Prévenue par les voix, Melissa se coulait dans les bras qui la protégeaient. Fallait-il l’avoir connue de l’intérieur, la peur pour se laisser aller à tant de confiance ! Ou retrouvaient-ils, d’instinct, les gestes sacralisés de leur tribu adolescente ? Melissa reprenait au milieu d’eux la place qui lui revenait sans hésiter après son absence. Julien,  assis juste à côté d’elle, la couvait du regard en l’entourant de son bras droit. Elodie, en hyper vigilance, se cachait des regards tout en veillant sur sa camarade dont elle connaissait les possibles débordements. Le groupe s’approchait d’eux pourtant. Combien de temps pourraient-ils la cacher ? Et de quoi, d’ailleurs ?


-          Mais, regardez, elle est là !


-          Melissa, ma fille, on t’a cherchée partout…


Melissa se rétracta sous les bras qui la dissimulaient. Ses voisins relâchèrent leur pression à la vue des parents inquiets qui étaient devant eux. La protéger, certes, mais là elle ne semblait plus craindre grand-chose.


-          Bon, tu viens avec nous, je n’aime pas te savoir dans la nature sans protection.


-          Mais, qu’est-ce que vous racontez, elle est avec nous, on est quand même assez nombreux pour veiller sur elle.


-          Ecoutez, vous ne savez pas dans quoi vous mettez les pieds. Melissa, tu peux remercier ton oncle de nous avoir prévenus. Tu es en danger, ma fille, ils peuvent très bien te rattraper n’importe où, il faut demander la protection de la police, ce n’est pas tes camarades qui pourront faire le poids !


Tous regardaient Melissa qui ne laissait rien paraitre, aucune expression dans ses yeux voilés, comme si elle était en train de continuer son récit interrompu quelques minutes plus tôt.


-          Ils ont raison. Vous n’y pourrez rien. C’est allé trop loin. C’est pas un jeu.


-          Mais enfin, tu avais commencé à raconter. Il faut qu’on en sache plus pour pouvoir t’aider.

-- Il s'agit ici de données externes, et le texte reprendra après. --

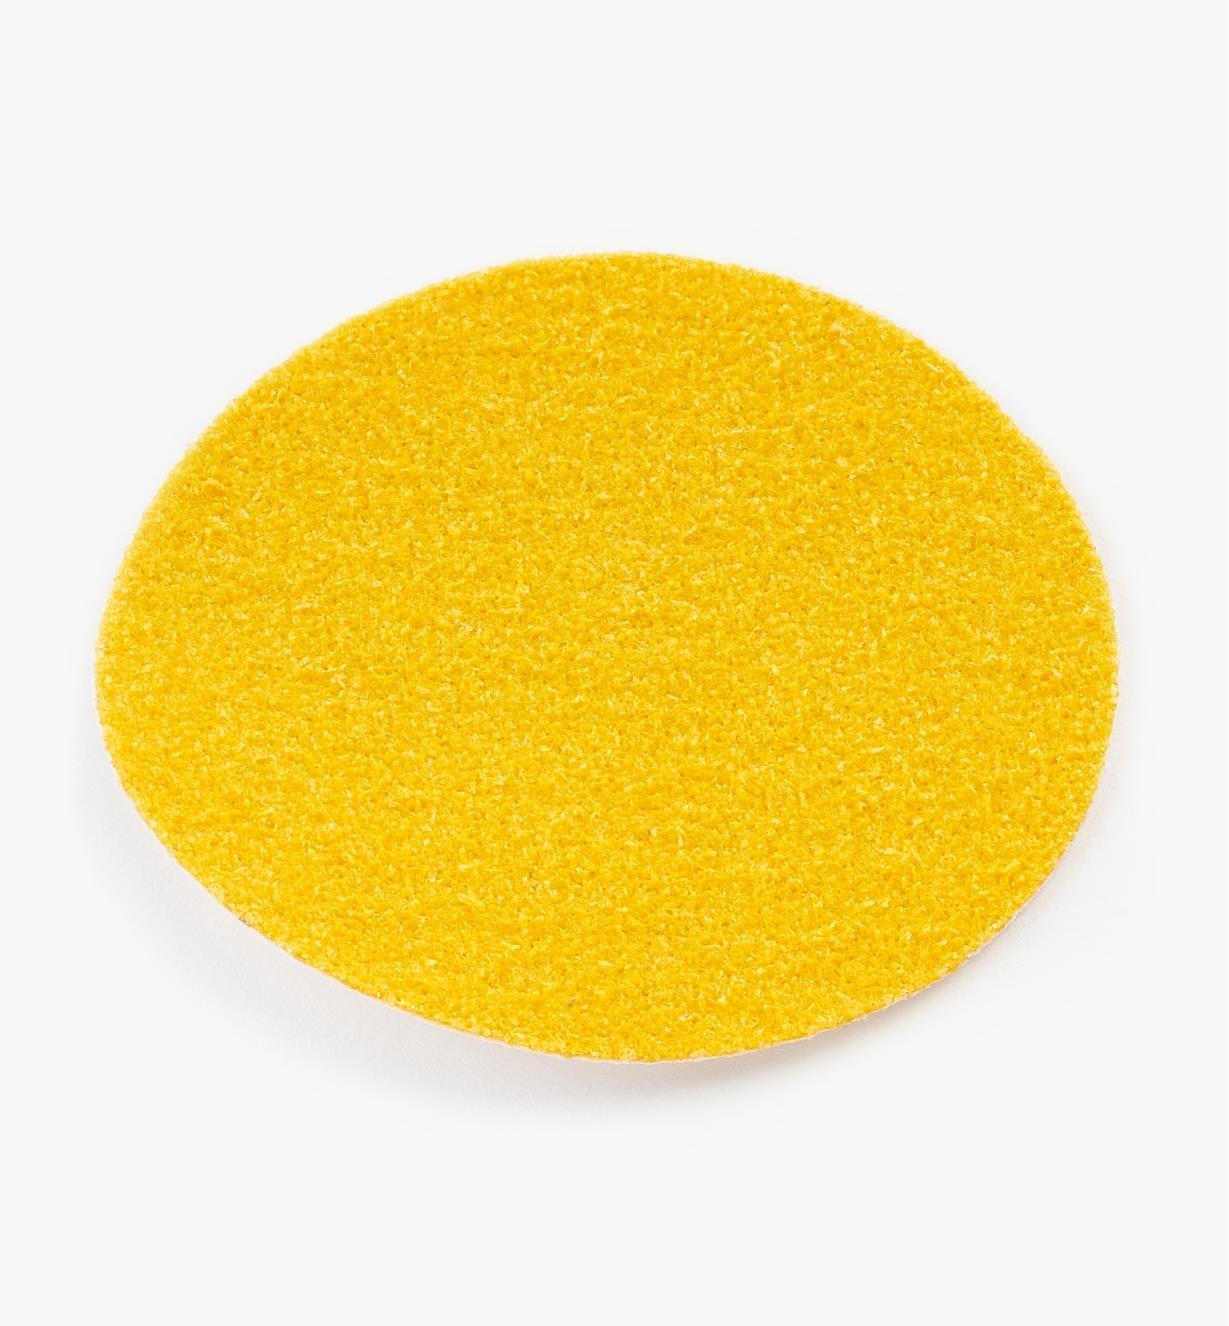 25K0142 - Pastilles jaunes de 2po (25)

-          Vous ne pouvez pas m’aider. Personne. Vous ne pourriez pas comprendre.


-          Mais, tes parents… ton bébé…


-          Notre bébé ?


Tous les regards se tournèrent vers  Julien dont la voix venait de se briser. Melissa détourna la tête. Elle fixait sa tante, d’un regard sombre. Un nouveau claquement de porte se fit entendre. Décidément, il devait y avoir un courant d’air quelque part. La petite vieille, un trousseau de clés dans la main droite, s’avançait doucement vers eux. « Excusez-moi, Messieurs Dames, la permanence va se terminer. Il est midi. Il faut que je ferme. Est-ce que vous en avez pour longtemps ? » Les deux groupes se regardèrent, rappelés à la réalité du lieu où ils se trouvaient.

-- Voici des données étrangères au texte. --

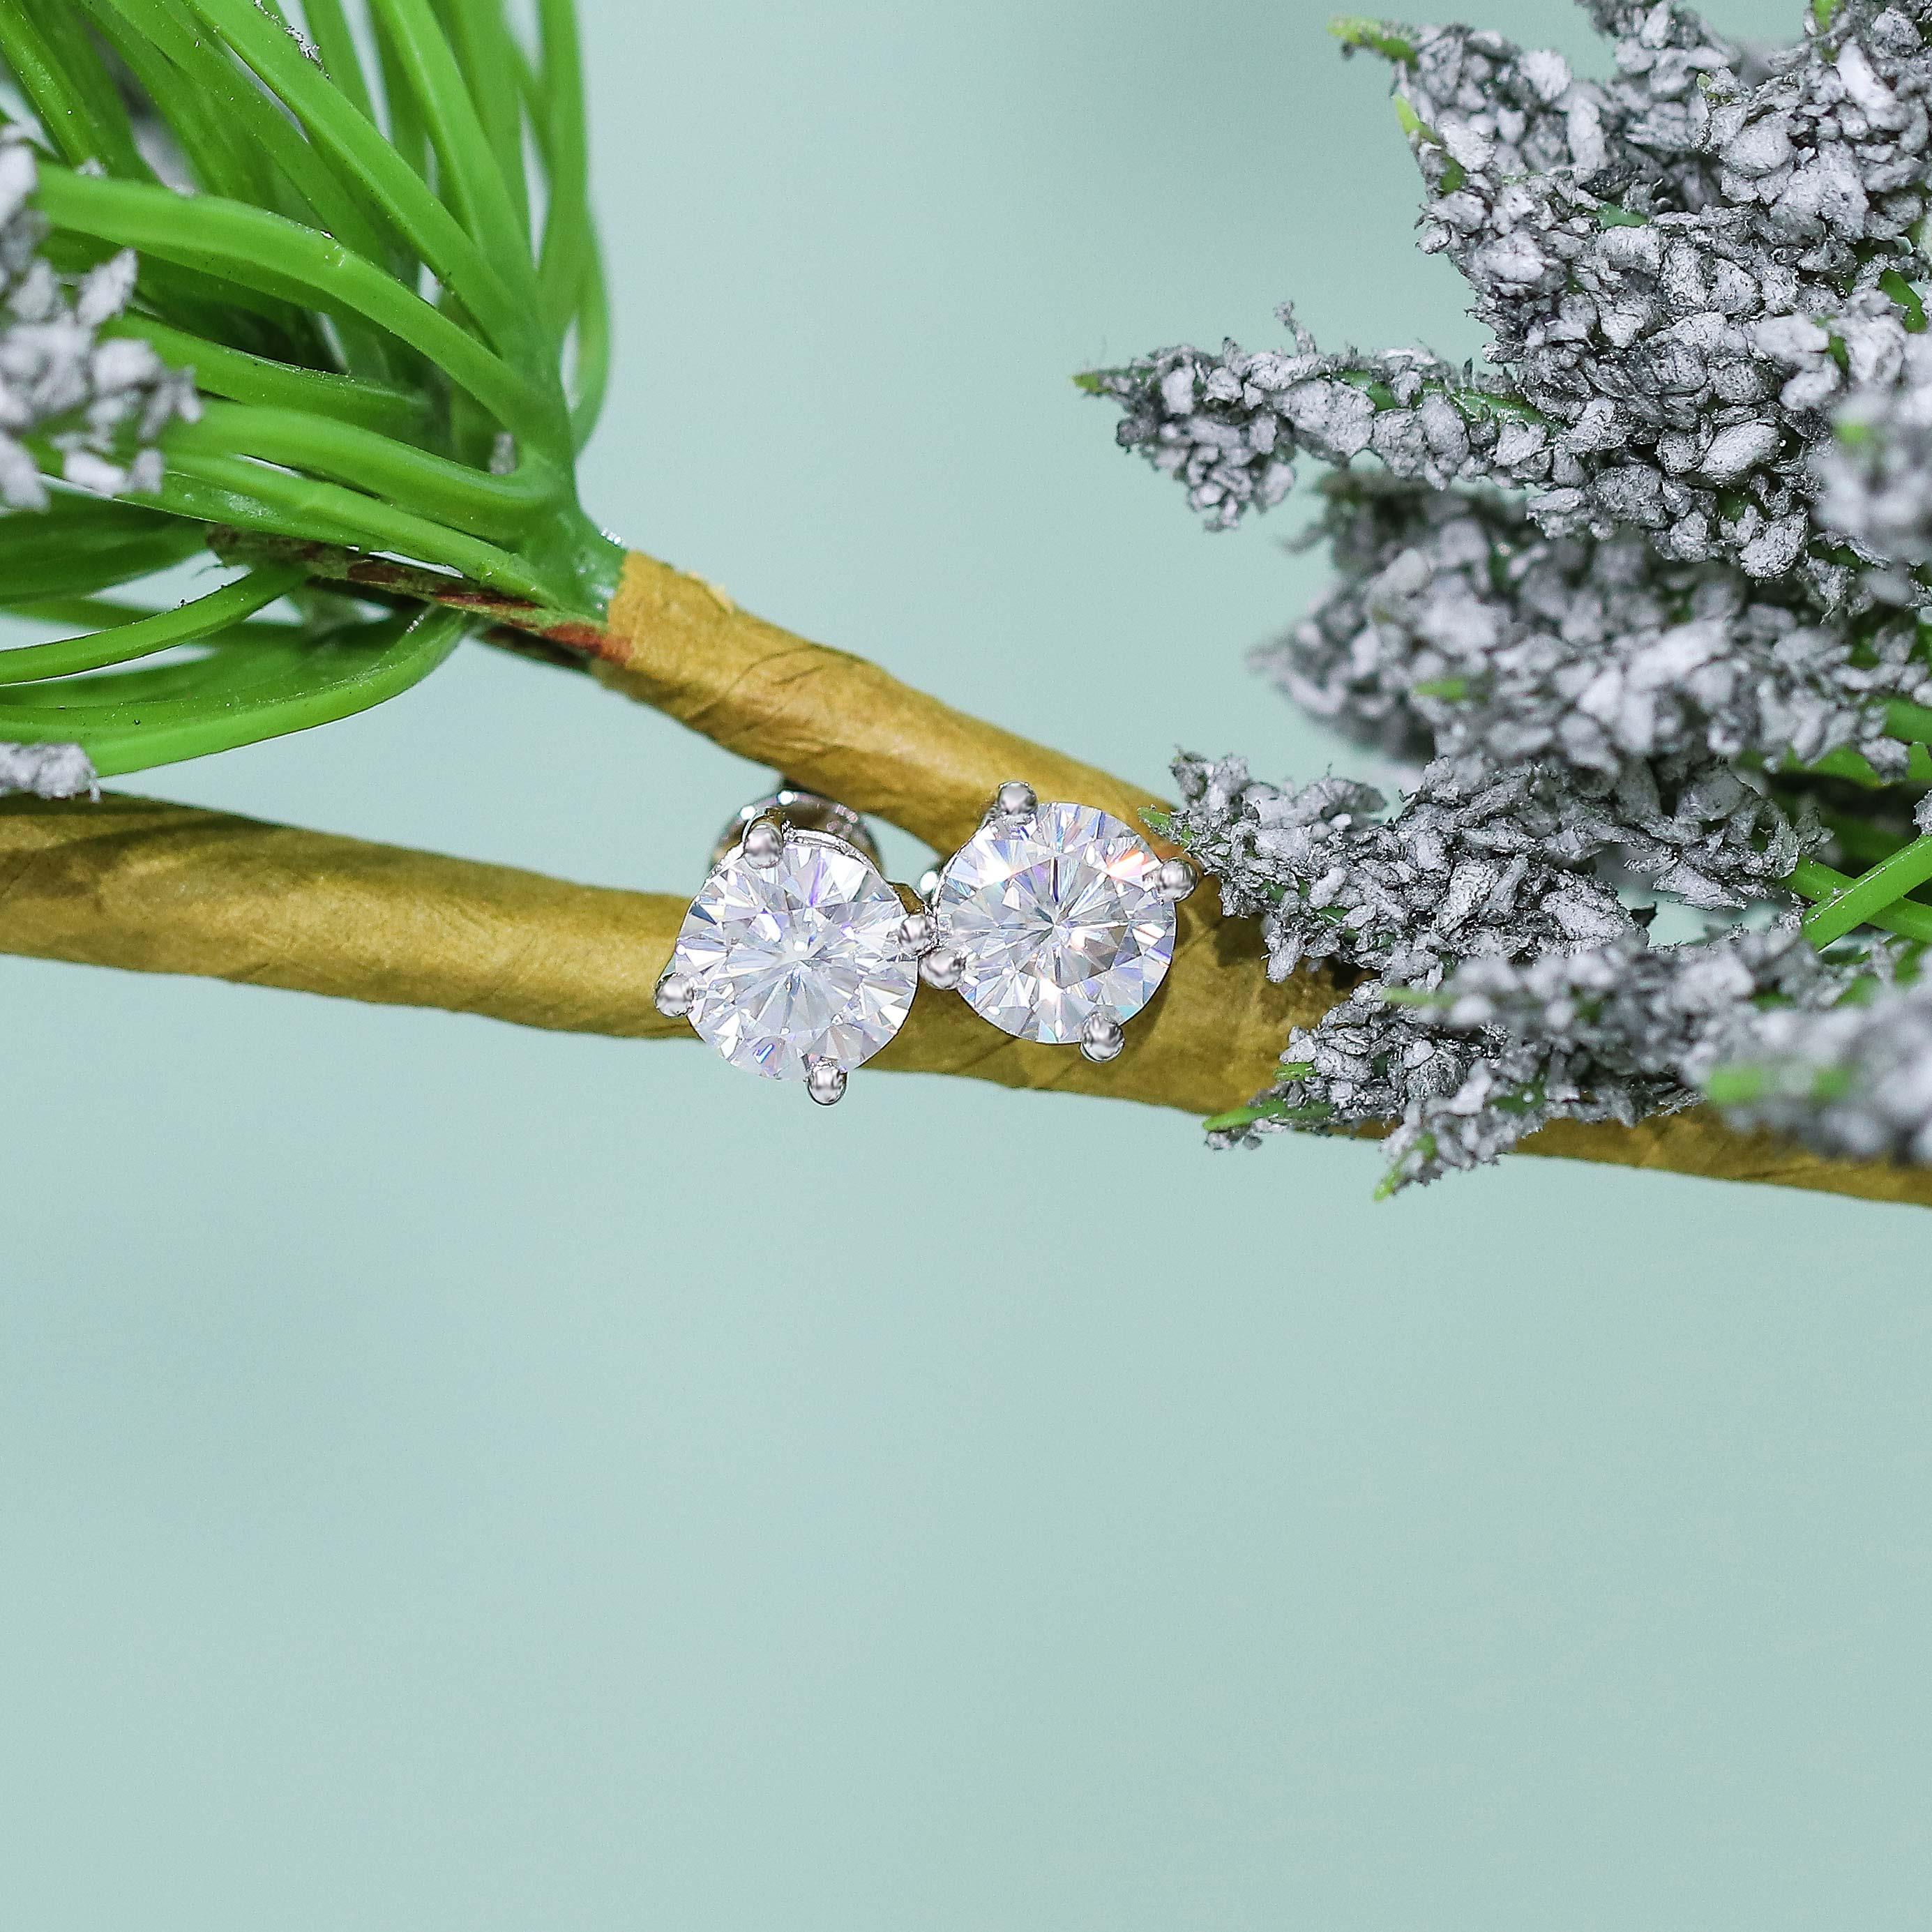 DovEggs 14K or blanc Post F couleur 1.6CTW 6MM laboratoire cultivé Moissanite solide argent Stud boucle d'oreille repousser pour les femmes - 2

-          Ne vous inquiétez pas, Madame, nous partons, nous étions venus les chercher, ils viennent avec nous.


-          Comment ça, avec vous ?


-          Oui, vous venez tous déjeuner à la maison. Si vous avez des questions, autant que vous les posiez tout de suite. Même si nous ne savons pas tout, il semble que nous en sachions un peu plus que vous. En unissant nos efforts, nous arriverons peut-être à quelque chose.

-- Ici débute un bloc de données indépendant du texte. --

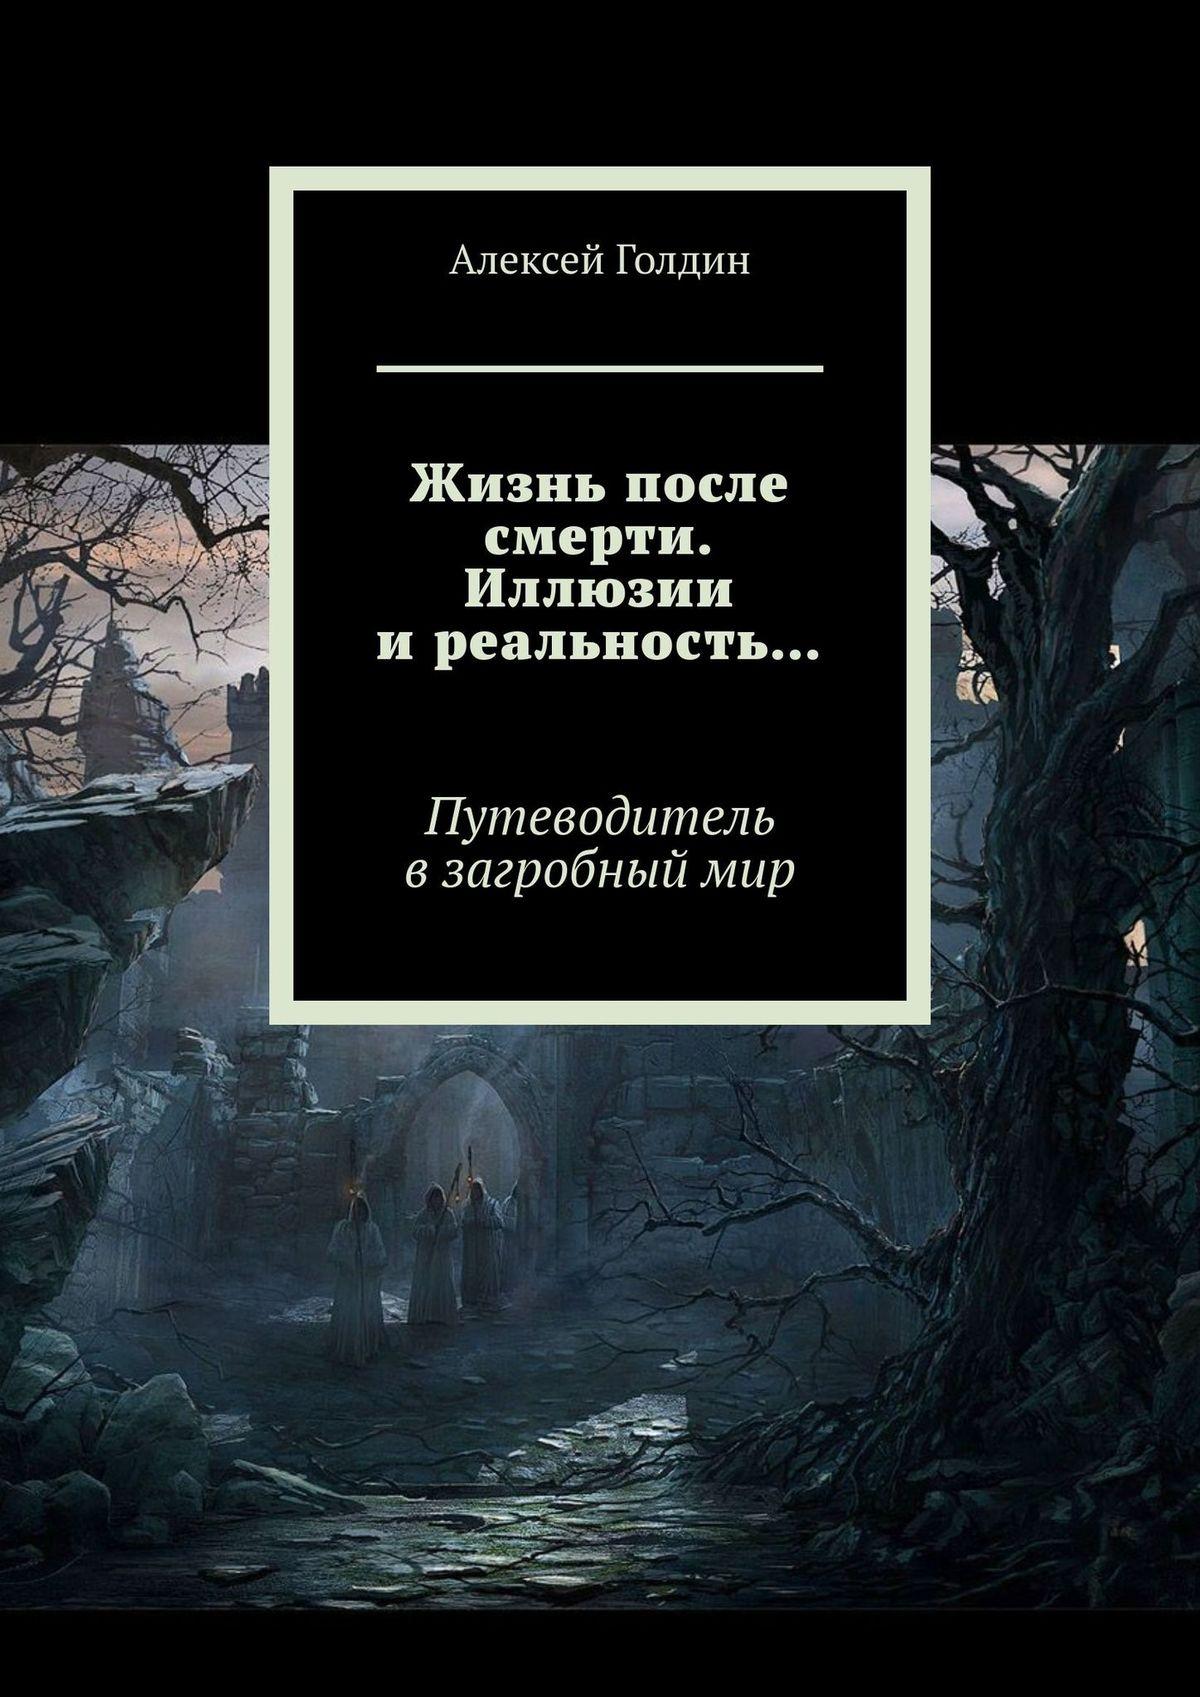 Алексей Голдин «Жизнь после смерти. Иллюзии иреальность…»

-          Mais pourquoi nous avoir fait venir dans cette église ?


-          Où vouliez-vous qu’elle vous réunisse ? Vous connaissez plus discret que cette église que personne ne connait ? Mais, c’est là justement où elle s’est trompée. A se croire en sécurité, elle était en vrai danger ici. Et vous aussi. Déguerpissons. Et au plus vite.